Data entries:
========================================

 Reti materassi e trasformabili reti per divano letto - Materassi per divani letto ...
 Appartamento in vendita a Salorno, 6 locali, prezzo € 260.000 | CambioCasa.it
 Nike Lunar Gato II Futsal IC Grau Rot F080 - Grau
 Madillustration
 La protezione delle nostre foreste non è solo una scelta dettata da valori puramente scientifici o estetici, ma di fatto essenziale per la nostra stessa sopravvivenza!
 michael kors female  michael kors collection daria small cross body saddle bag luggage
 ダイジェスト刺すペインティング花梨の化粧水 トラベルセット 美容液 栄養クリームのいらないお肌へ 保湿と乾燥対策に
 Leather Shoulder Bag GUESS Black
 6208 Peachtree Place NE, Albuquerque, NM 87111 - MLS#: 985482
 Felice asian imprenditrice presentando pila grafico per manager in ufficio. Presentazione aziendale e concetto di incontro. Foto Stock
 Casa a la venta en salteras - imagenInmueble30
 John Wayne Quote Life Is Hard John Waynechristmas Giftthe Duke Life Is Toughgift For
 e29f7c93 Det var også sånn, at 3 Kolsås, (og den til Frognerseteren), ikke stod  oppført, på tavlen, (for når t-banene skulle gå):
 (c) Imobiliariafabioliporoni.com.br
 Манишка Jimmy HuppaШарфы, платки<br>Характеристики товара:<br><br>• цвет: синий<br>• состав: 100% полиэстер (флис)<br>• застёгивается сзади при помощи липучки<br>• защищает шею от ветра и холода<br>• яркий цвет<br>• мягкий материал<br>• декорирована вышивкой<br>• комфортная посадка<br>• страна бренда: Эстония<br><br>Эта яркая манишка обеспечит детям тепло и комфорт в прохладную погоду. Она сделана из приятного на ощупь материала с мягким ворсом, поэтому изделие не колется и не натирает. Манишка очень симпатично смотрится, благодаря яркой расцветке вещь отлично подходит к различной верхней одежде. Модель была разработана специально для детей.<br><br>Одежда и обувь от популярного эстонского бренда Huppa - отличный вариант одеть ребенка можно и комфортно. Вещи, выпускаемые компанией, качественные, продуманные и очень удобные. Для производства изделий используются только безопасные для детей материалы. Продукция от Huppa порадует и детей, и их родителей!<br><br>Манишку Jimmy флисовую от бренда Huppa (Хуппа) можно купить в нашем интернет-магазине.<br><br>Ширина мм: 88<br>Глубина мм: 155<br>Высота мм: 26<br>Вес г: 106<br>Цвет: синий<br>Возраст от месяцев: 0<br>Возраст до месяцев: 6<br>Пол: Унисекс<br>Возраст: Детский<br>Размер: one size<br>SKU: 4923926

========================================

* **Exercise aim**
Could you transcribe the entries exactly, from the first line through the line containing "6208 Peachtree Place", and give nothing more?

* **Answer to the problem**
 Reti materassi e trasformabili reti per divano letto - Materassi per divani letto ...
 Appartamento in vendita a Salorno, 6 locali, prezzo € 260.000 | CambioCasa.it
 Nike Lunar Gato II Futsal IC Grau Rot F080 - Grau
 Madillustration
 La protezione delle nostre foreste non è solo una scelta dettata da valori puramente scientifici o estetici, ma di fatto essenziale per la nostra stessa sopravvivenza!
 michael kors female  michael kors collection daria small cross body saddle bag luggage
 ダイジェスト刺すペインティング花梨の化粧水 トラベルセット 美容液 栄養クリームのいらないお肌へ 保湿と乾燥対策に
 Leather Shoulder Bag GUESS Black
 6208 Peachtree Place NE, Albuquerque, NM 87111 - MLS#: 985482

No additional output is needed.